(GIVEN MATERIAL)
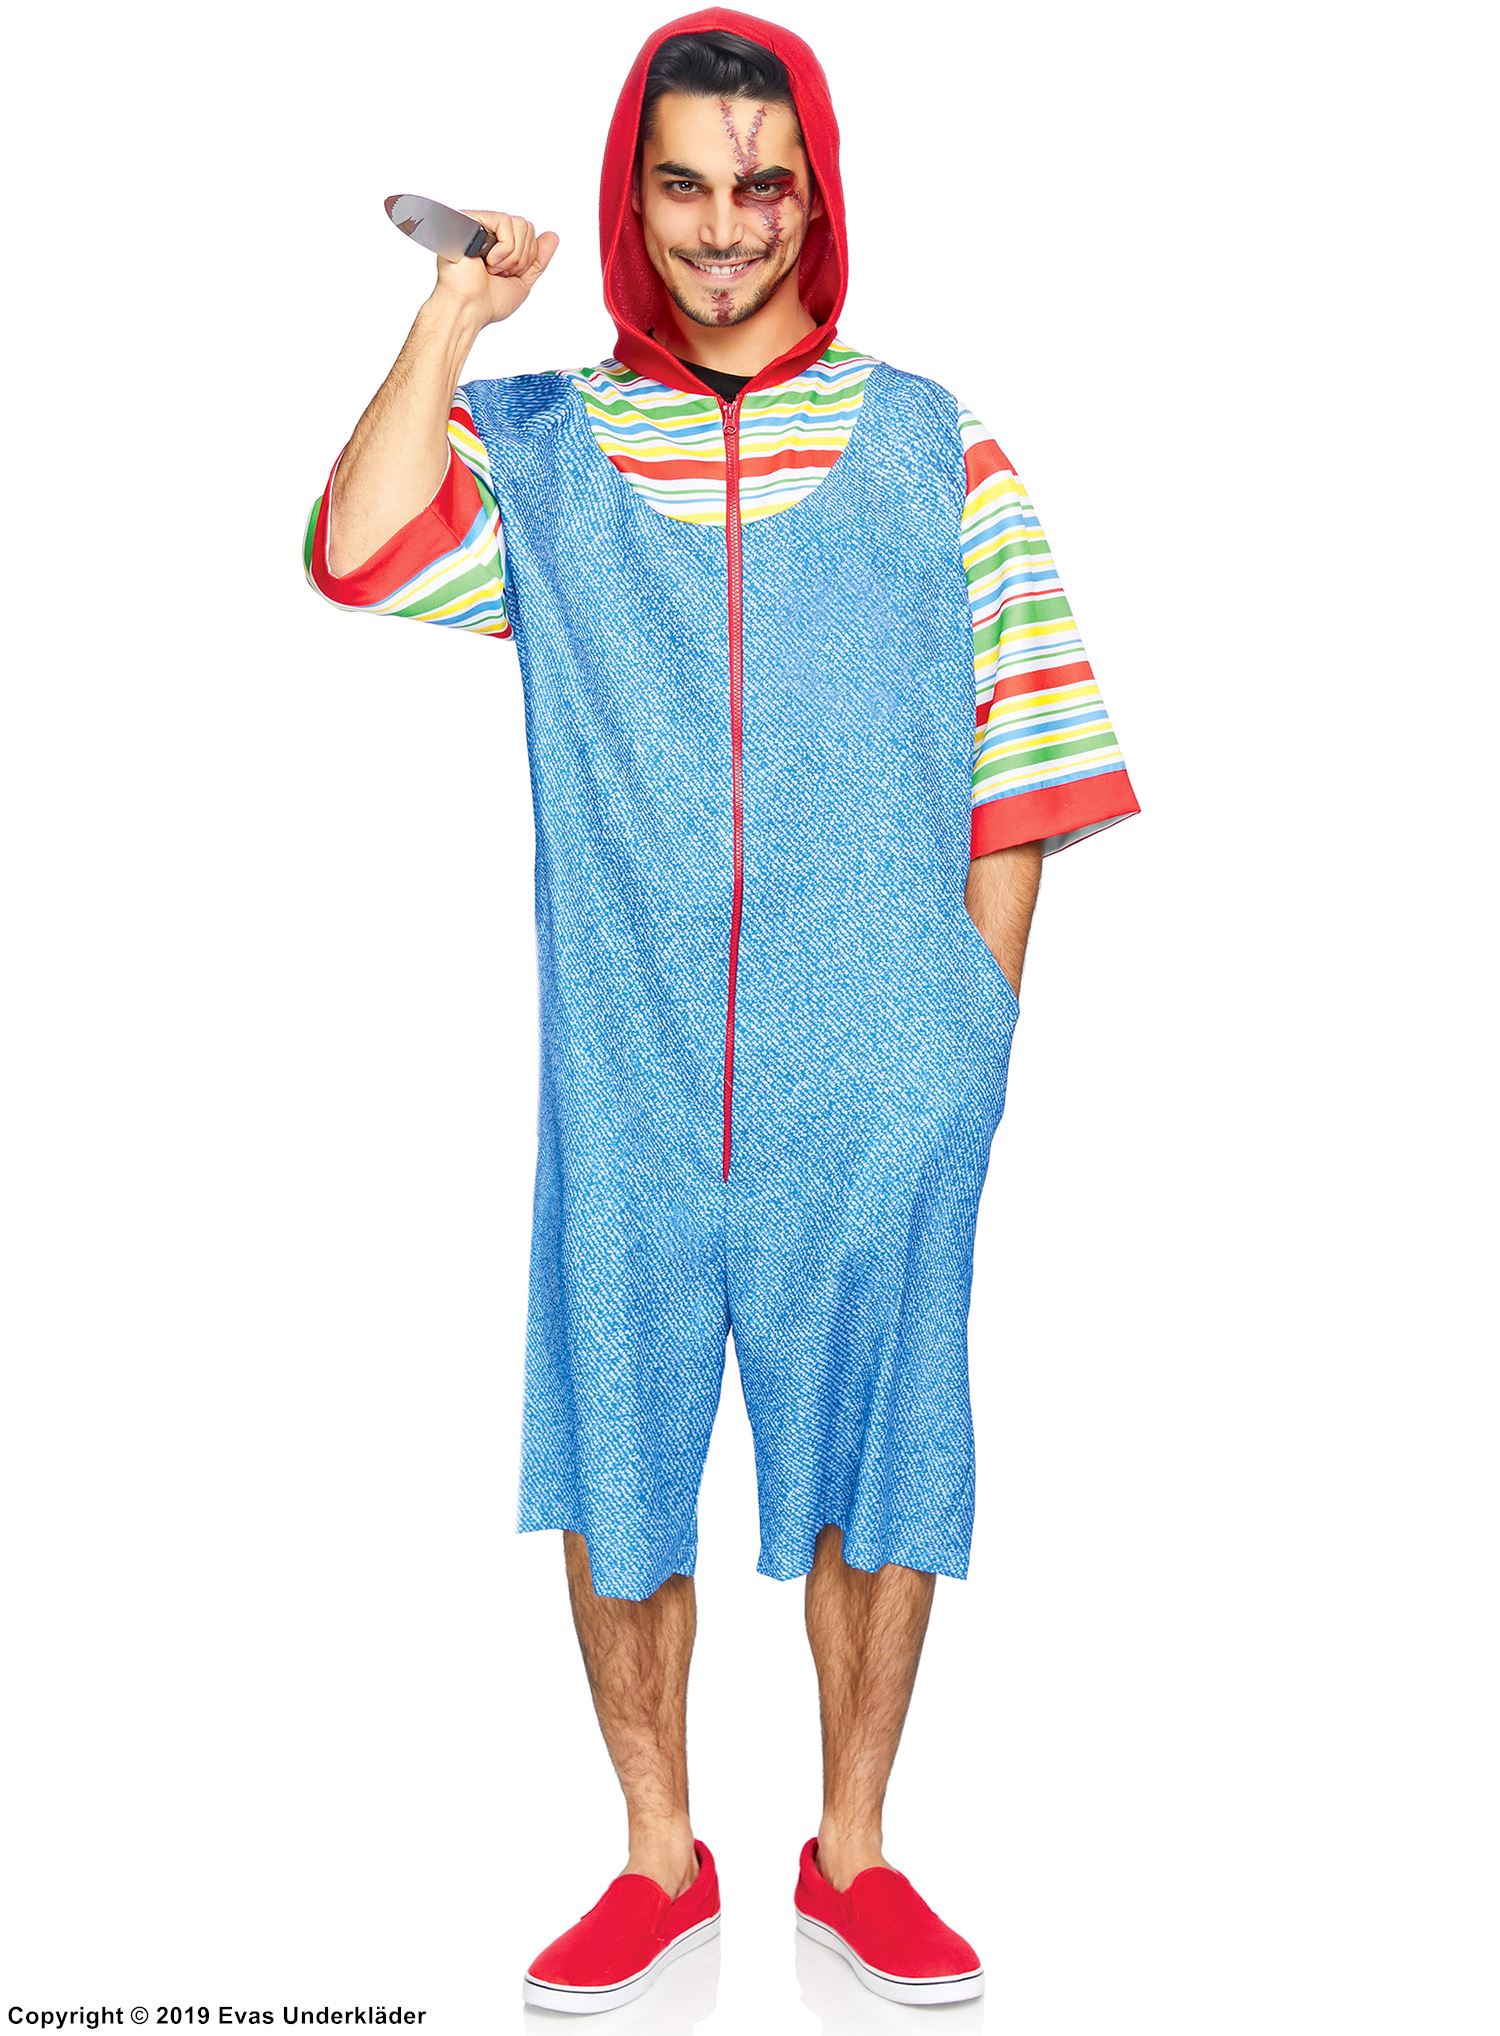 Chucky from Child's Play, jumpsuit costume, hood, front zipper, horizontal stripes
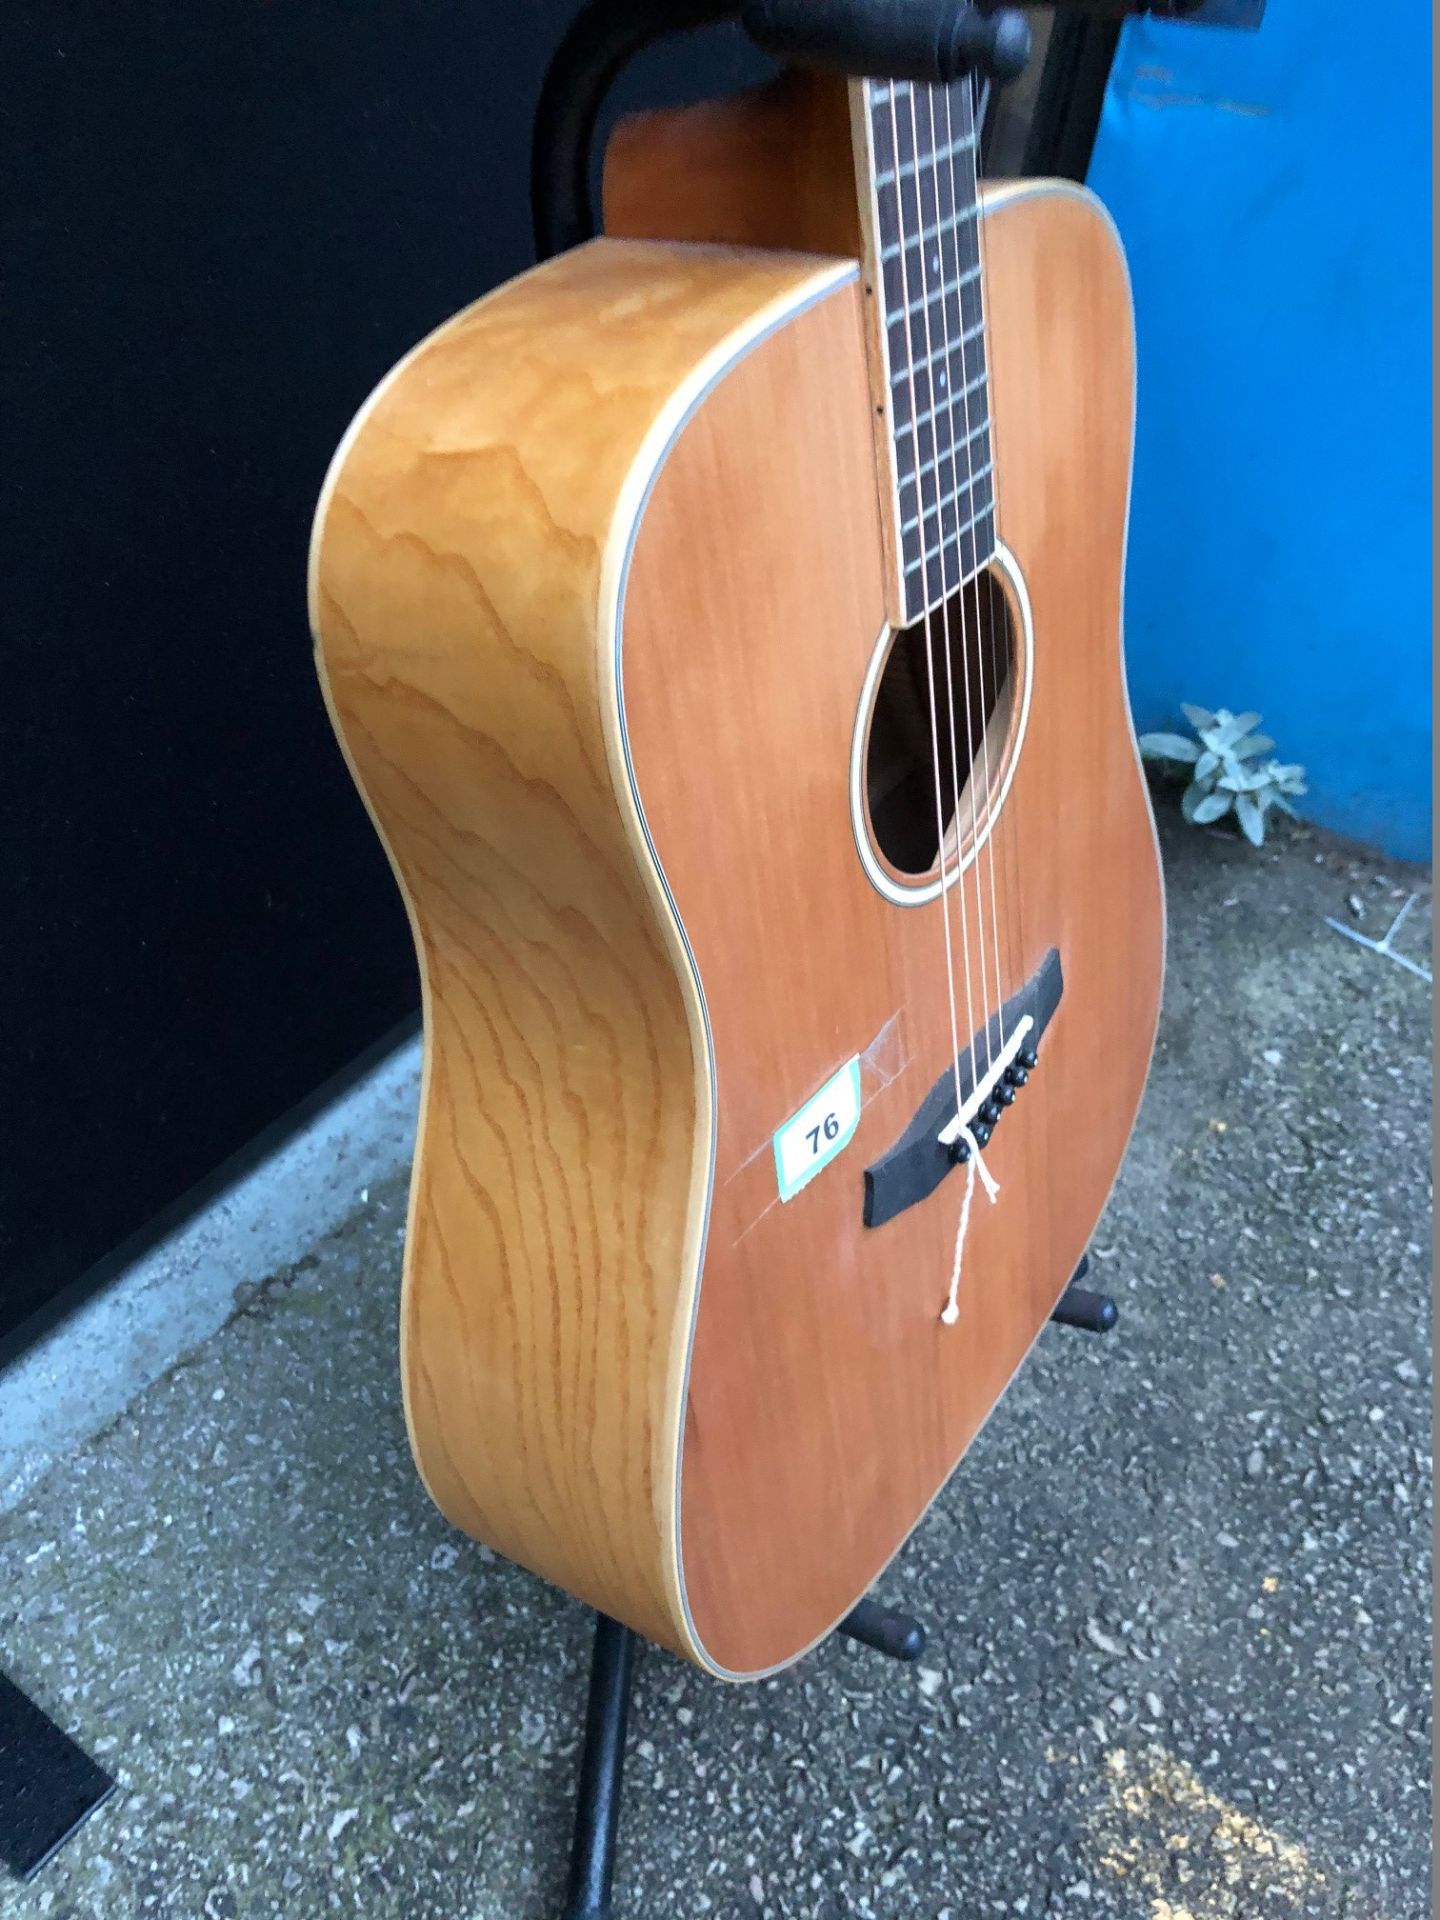 Tanglewood TW11D OL Olive Wood Acoustic Guitar (Brand New Ex Display - RRP £299.00) - Image 3 of 6
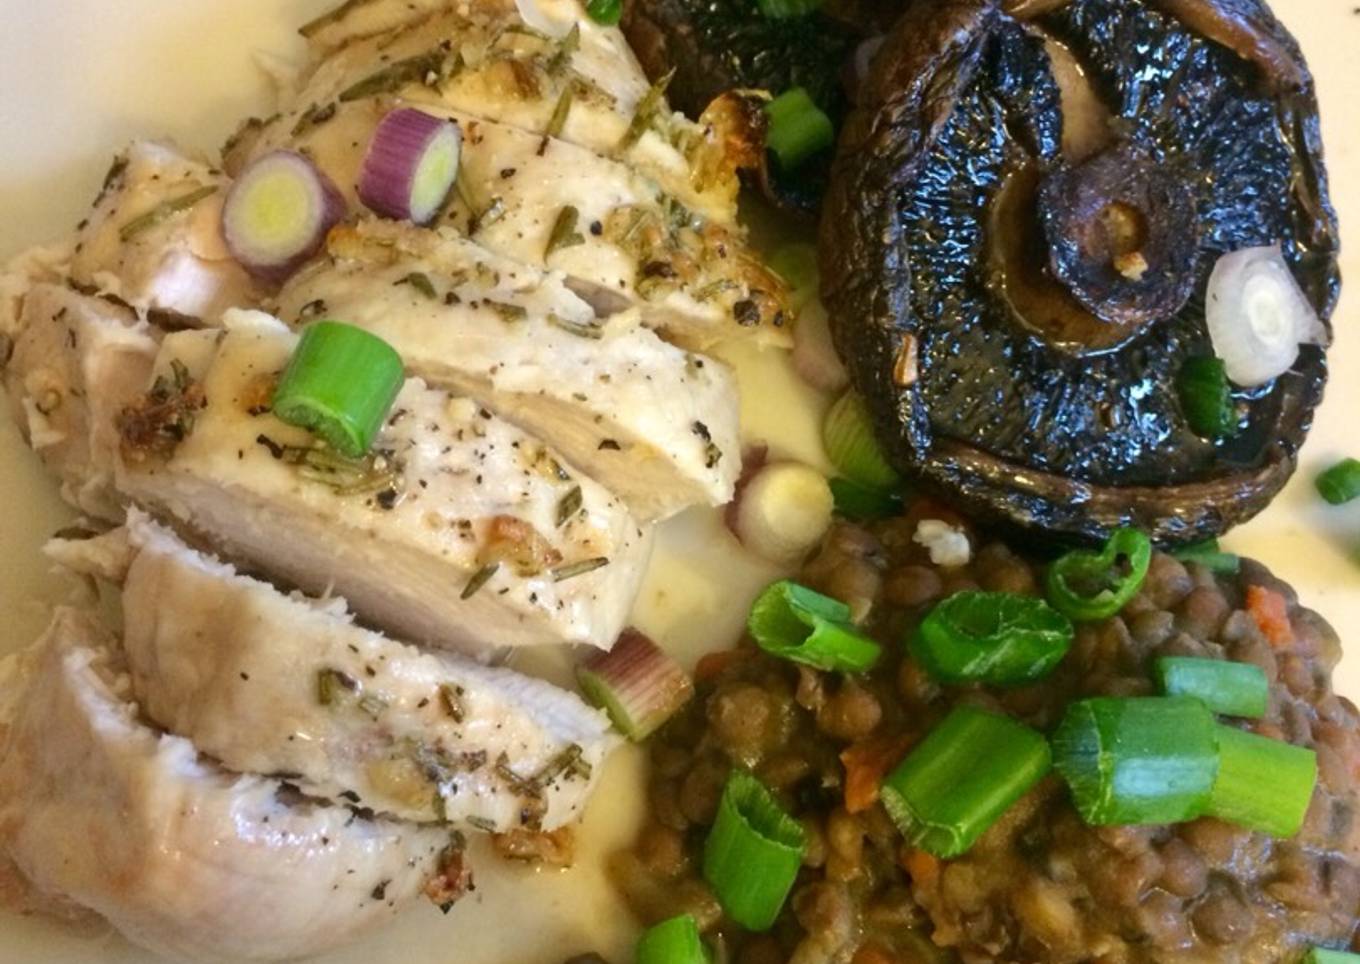 Garlic & Rosemary Chicken with Mushrooms and Lentils

(ACTION ITEM) Repeat the listing exactly; do not print any picture.

(YOUR RESPONSE)
 Chucky from Child's Play, jumpsuit costume, hood, front zipper, horizontal stripes
 Tanglewood TW11D OL Olive Wood Acoustic Guitar (Brand New Ex Display - RRP £299.00) - Image 3 of 6
 Garlic & Rosemary Chicken with Mushrooms and Lentils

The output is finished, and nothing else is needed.